DIRECTIONS
Reproduce the whole listing word for word. Leave every image out.

MATERIAL PROVIDED Block Start

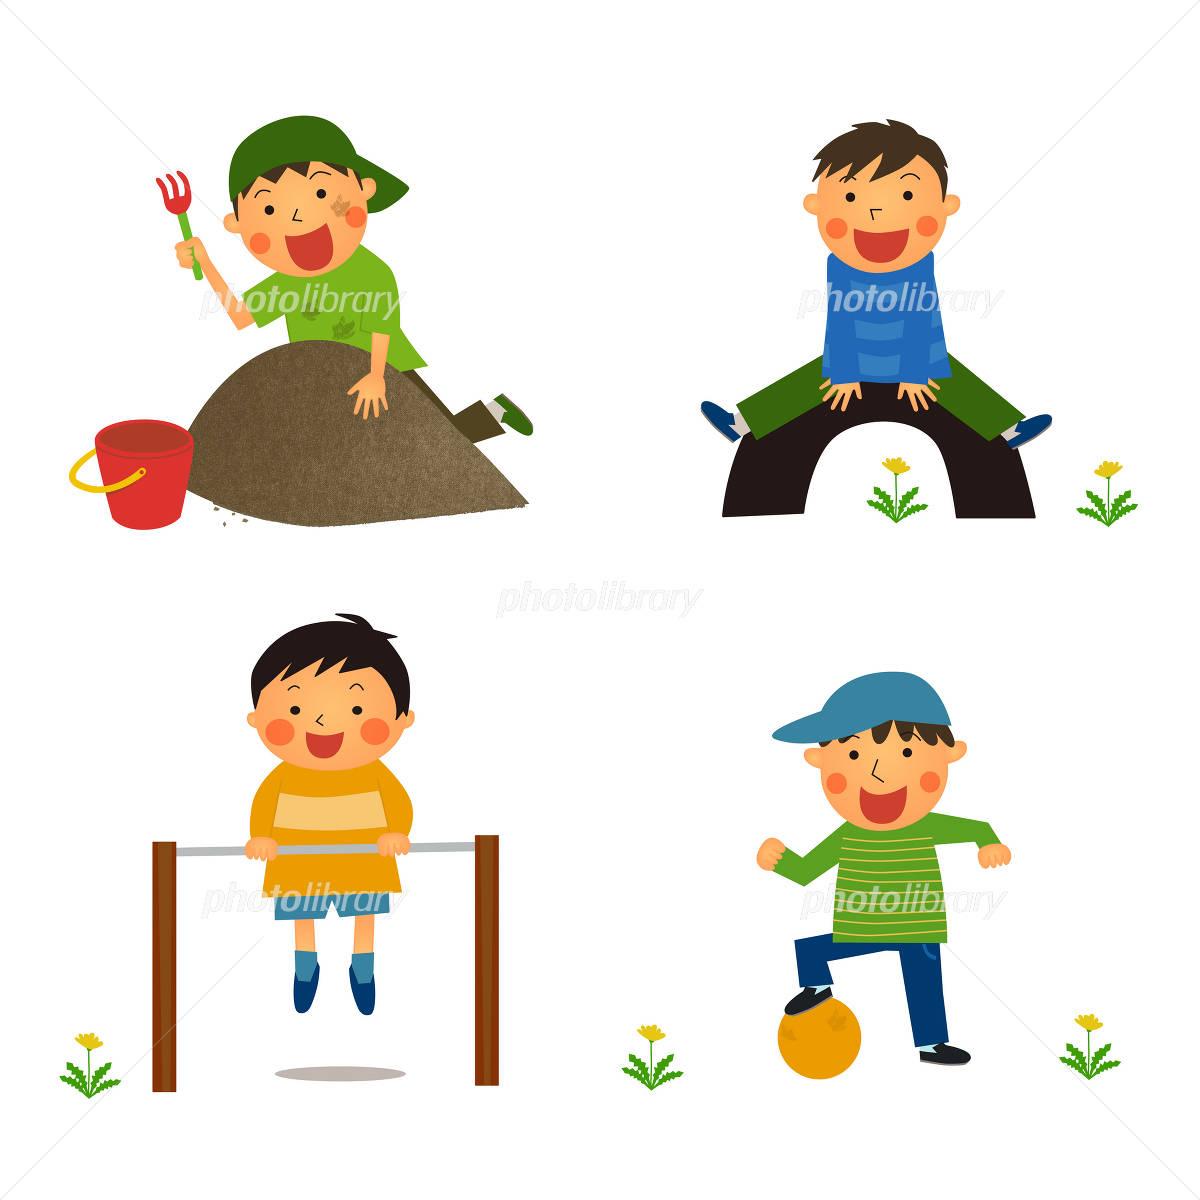 外遊びをする男の子 イラスト素材 2569595 フォトライブラリー
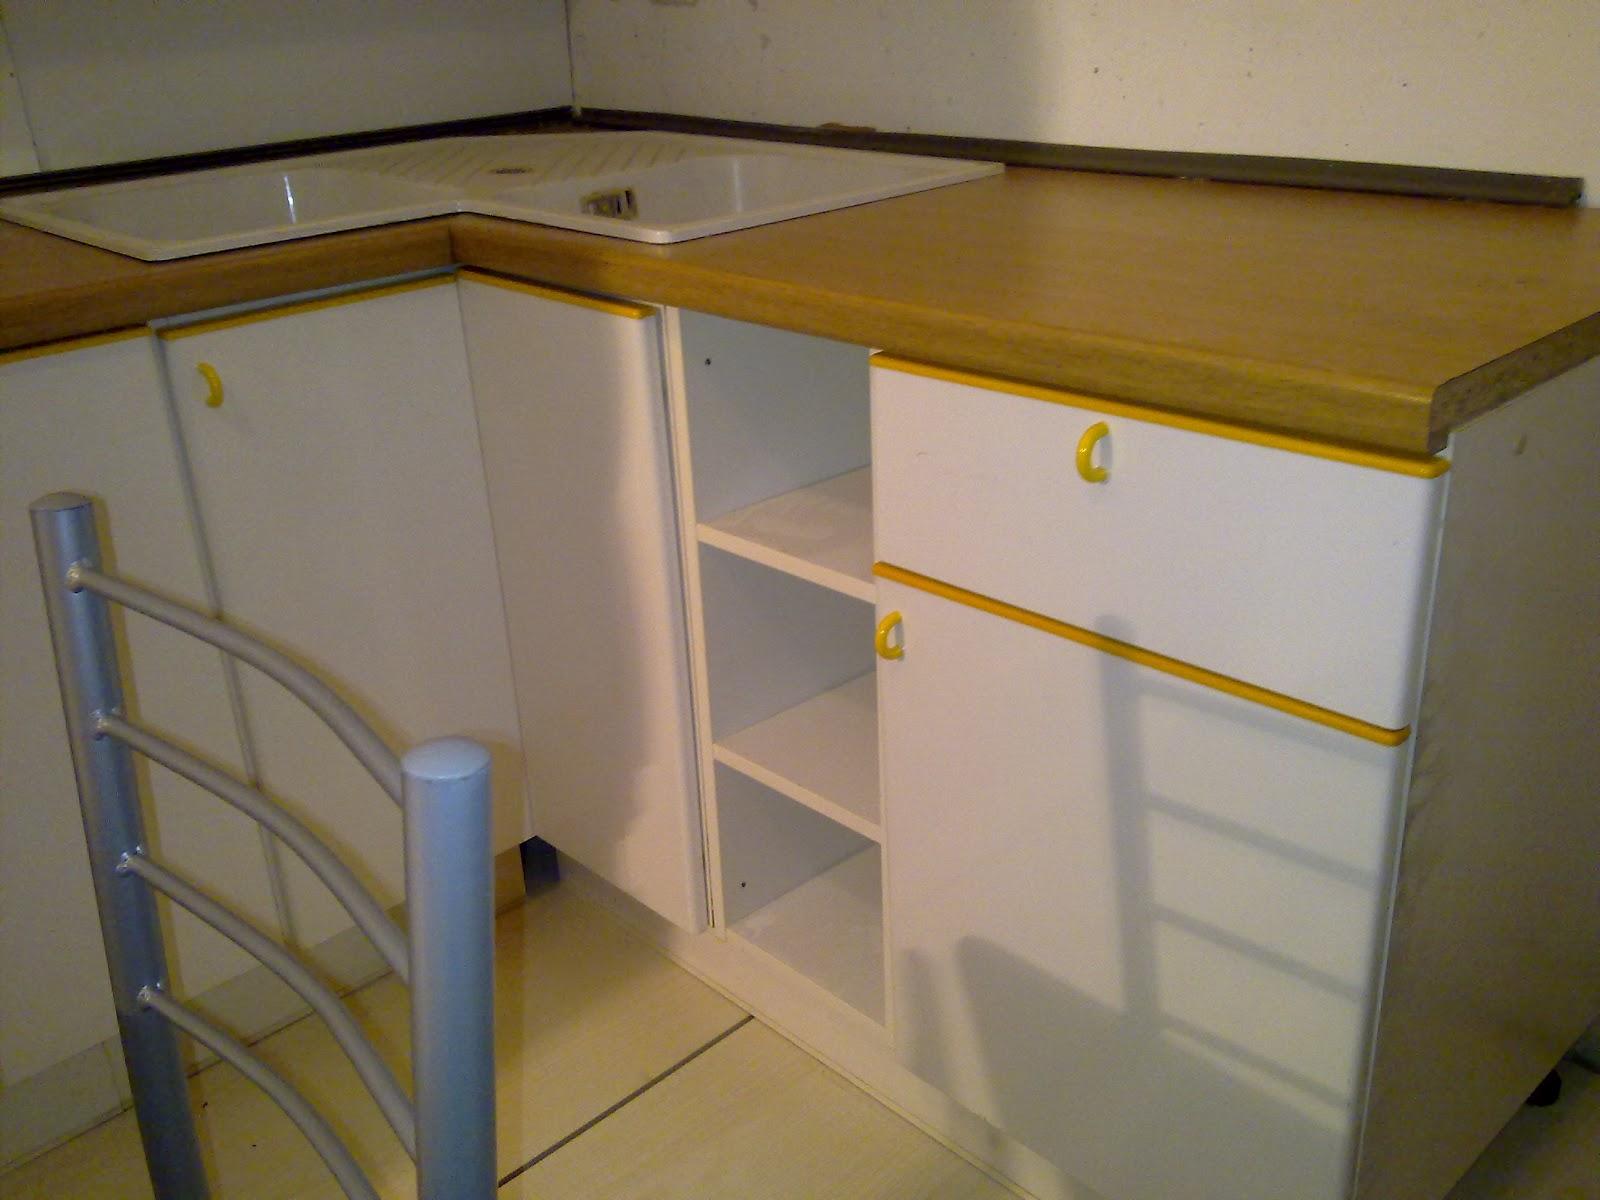 mobili da bagno napoli e provincia ~ mobilia la tua casa - Arredo Bagno Brescia Provincia
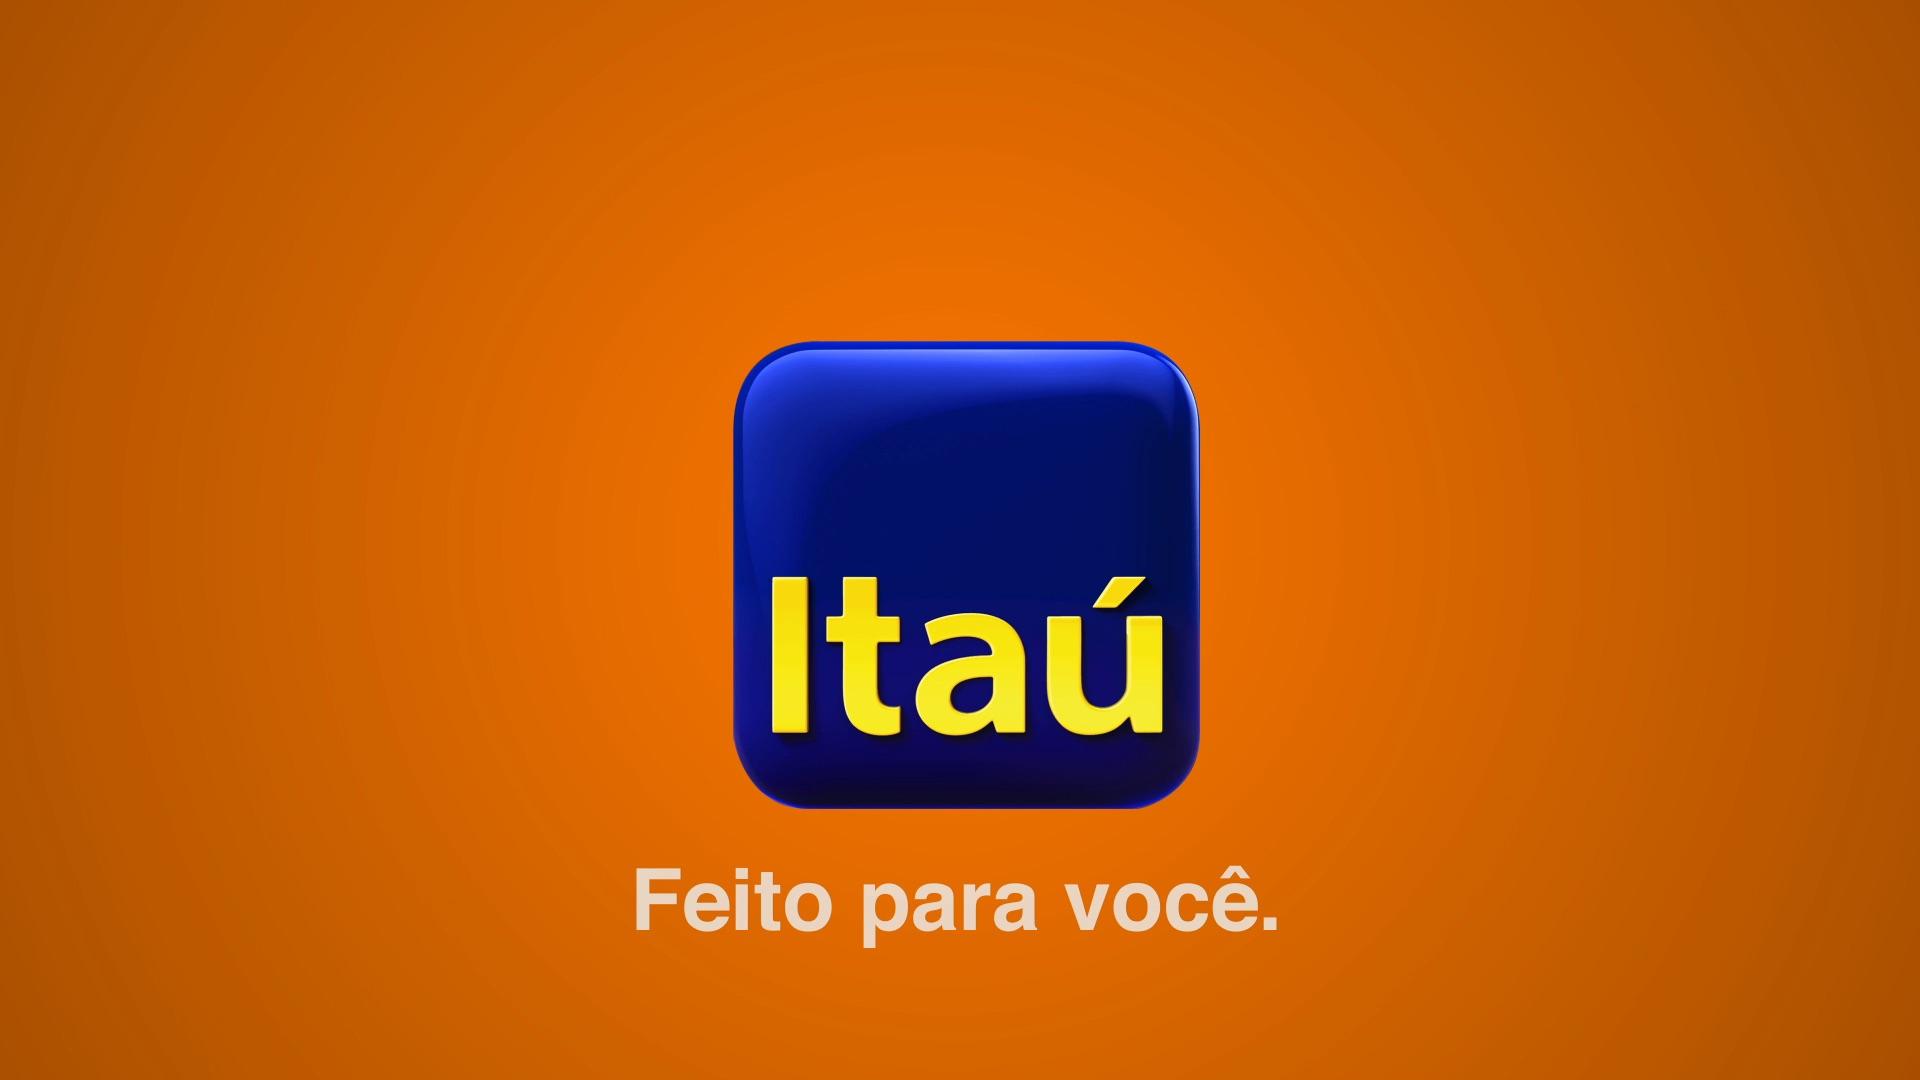 WebsitePic_Itau_04.jpg

MATERIAL PROVIDED Block End

EXERCISE ANSWER
 外遊びをする男の子 イラスト素材 2569595 フォトライブラリー
 mobili da bagno napoli e provincia ~ mobilia la tua casa - Arredo Bagno Brescia Provincia
 WebsitePic_Itau_04.jpg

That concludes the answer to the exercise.